The first is not doing especially well just now. Brookfield Asset Management (TSX-BAM.A) — once known as Brascan — has lots of commercial real estate and is adding to its portfolio of hydro generation and infrastructure assets. It has ample cash reserves and “an enviable record in buying distressed properties at times like now,” says Dr. Graham. At $19.33 it is cheap, well below its 52-week high.

No company is better positioned than EnCana Corp. (TSX-ECA) from this expert’s point of view.
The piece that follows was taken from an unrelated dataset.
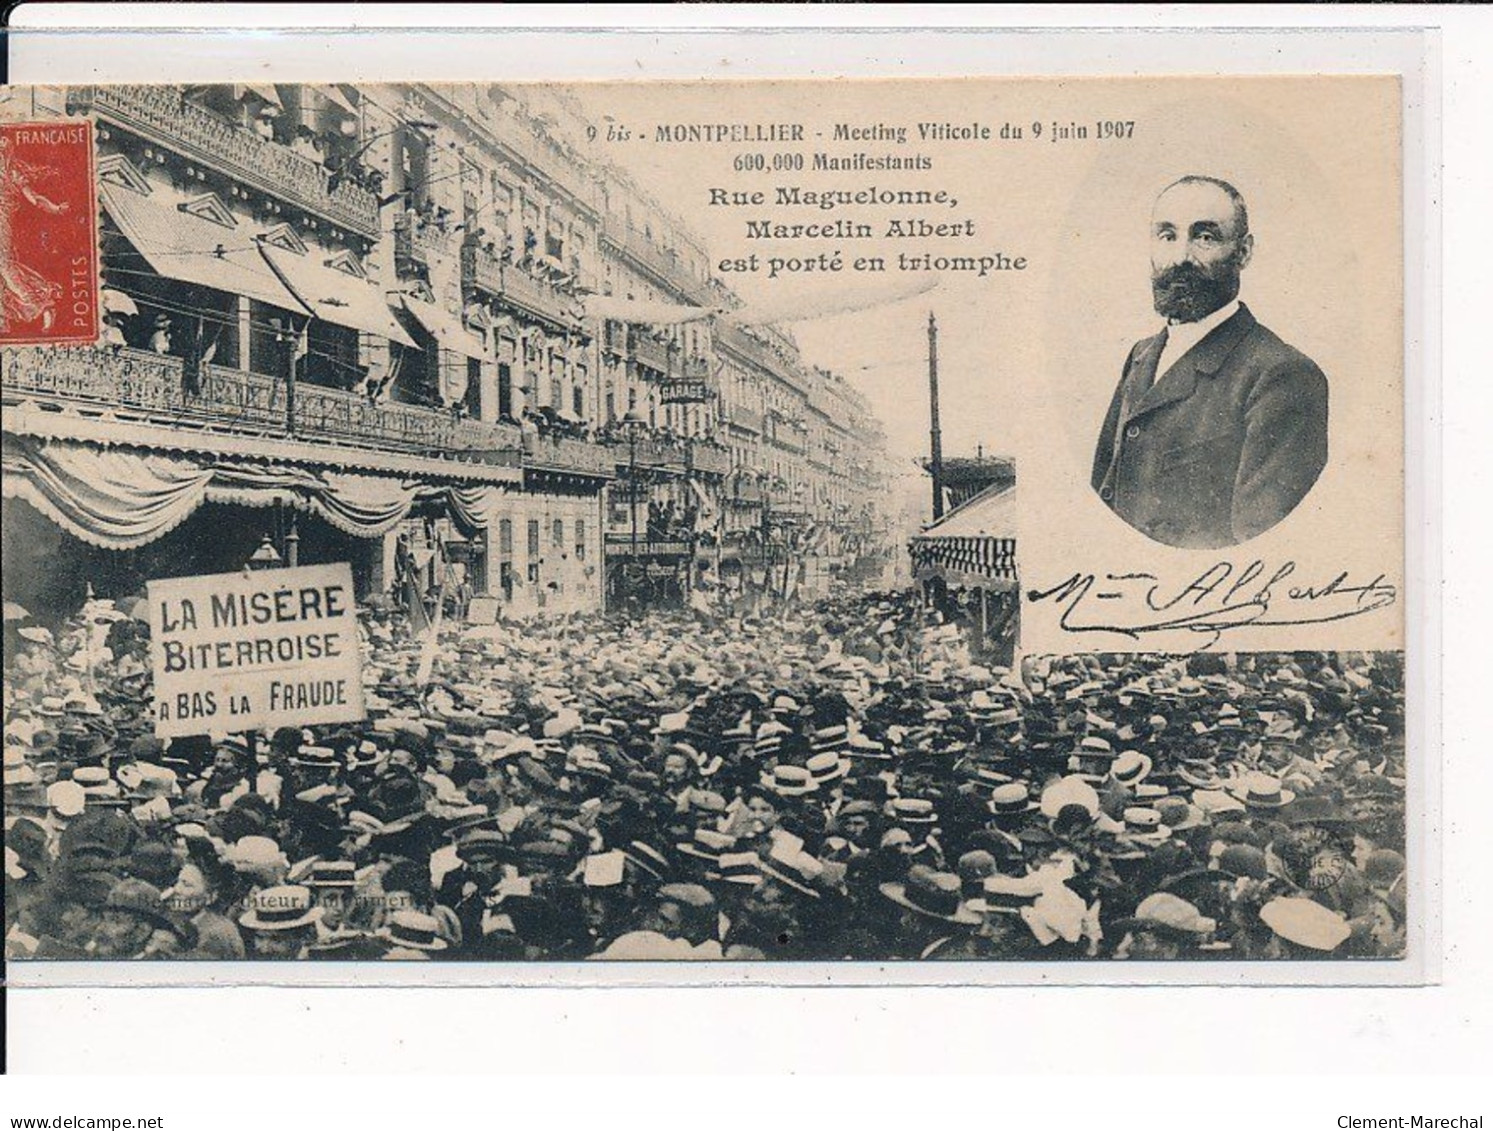 MONTPELLIER : Meeting Viticole Du 9 Juin 1907, Rue Maguelonne, Marcelin Albert Est Porté En Triomphe - Très Bon état - Montpellier
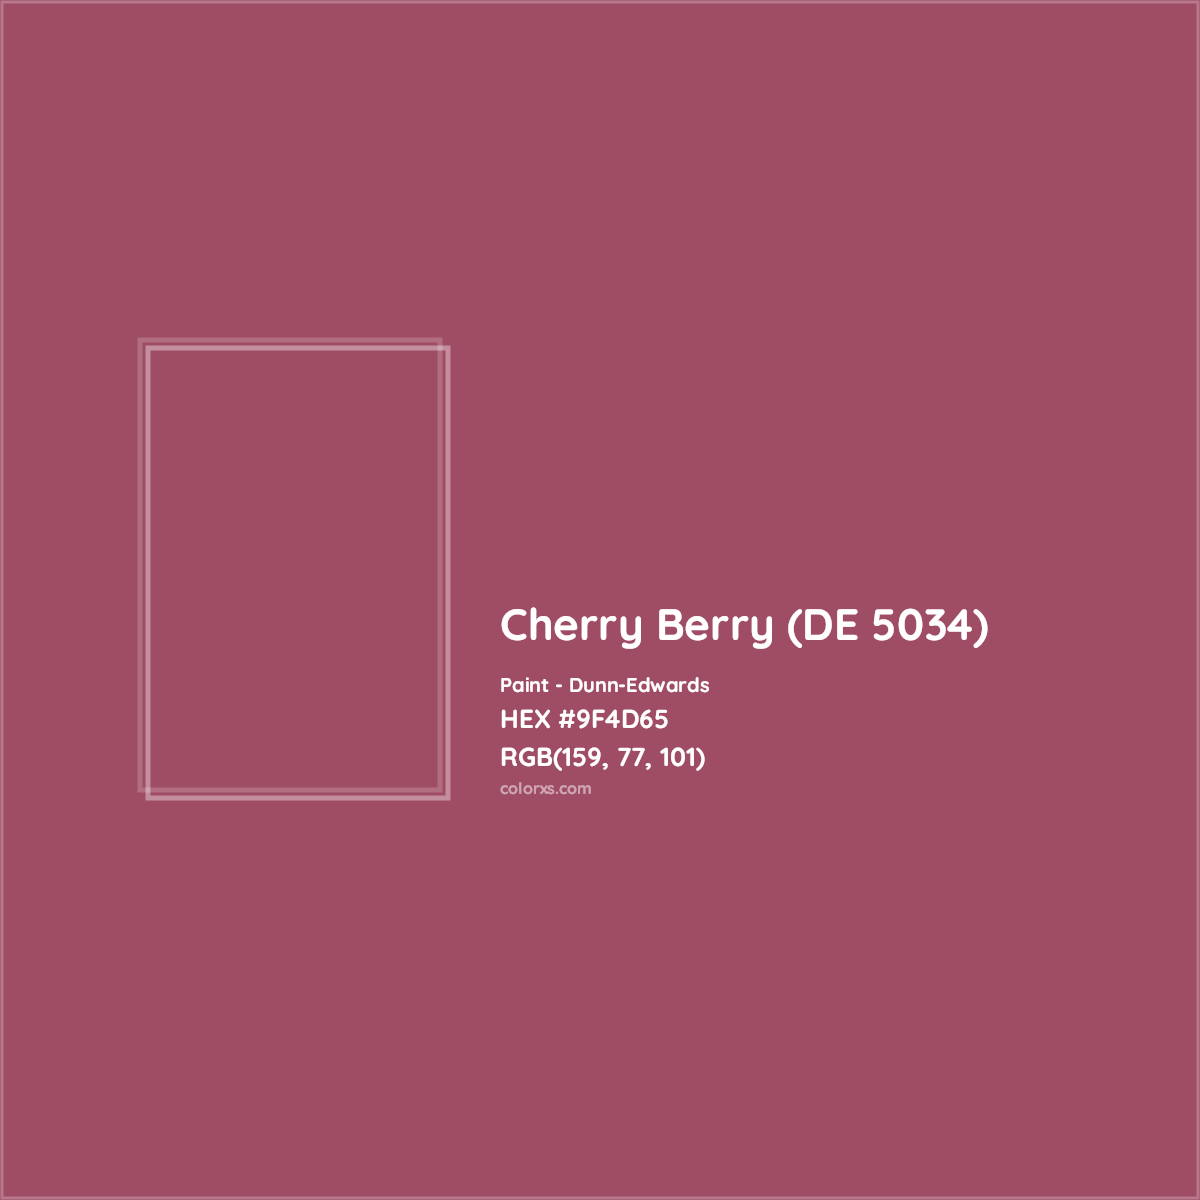 HEX #9F4D65 Cherry Berry (DE 5034) Paint Dunn-Edwards - Color Code

Natural gas prices are nothing to write home about, but astute hedging has kept EnCana’s revenues up. And natural gas has a great long-term future. At around $53, the stock is undervalued.

Sherritt International Corp. (TSX-S) is a commodity producer in nickel, cobalt, oil and coal and has important properties in Cuba and Madagascar. As the U.S. inches closer to Cuba, Sherritt could benefit enormously. Its share price of $4.90 may seem sluggish, but it’s up from its spring lows.

Safest of the group

Canada’s biggest mining firm, Teck Resources Ltd. (TSX-TCK.B), has had a rocky road. Since Dr. Graham’s article appeared, Teck has wriggled out from under some of its debt by selling China Investment Corp. a 17 per cent stake in the company. As copper prices rise in the future, so will Teck, promises this author. It’s trading at around $19.

The safest of this group of stocks is undoubtedly TransCanada Corp. (TSX-TRP) with its pipeline revenues and new projects on the go. Chief among these is the Alaska natural gas pipeline in partnership with Exxon Mobil. Still, at $31, it’s undervalued.

The shares of Viterra Inc. (TSX-VT) haven’t done too badly of late, although at $9.20 they’re still down from their highs. The former Saskatchewan Wheat Pool is Canada’s biggest grain handler and agri-business and the pending acquisition of Australia’s ABB Grain will open up new Asian markets for the company.

Molybdenum was a hot metal during the commodity boom (it’s very valuable in the steel industry) and will be again, says Dr. Graham. And Roca Mines (TSX-ROK) has lots of it in its high-grade Max mine, which has cut back on production, but can ramp up when demand does. It is currently crawling along at $0.34, the cheapest buy in the Group of Seven.

It is time, Dr. Graham tells his readers in The MoneyLetter, to weight risks against potential rewards, “and to be substantially — if prudently — invested.”

In short, protection and preparation beat predictions any time.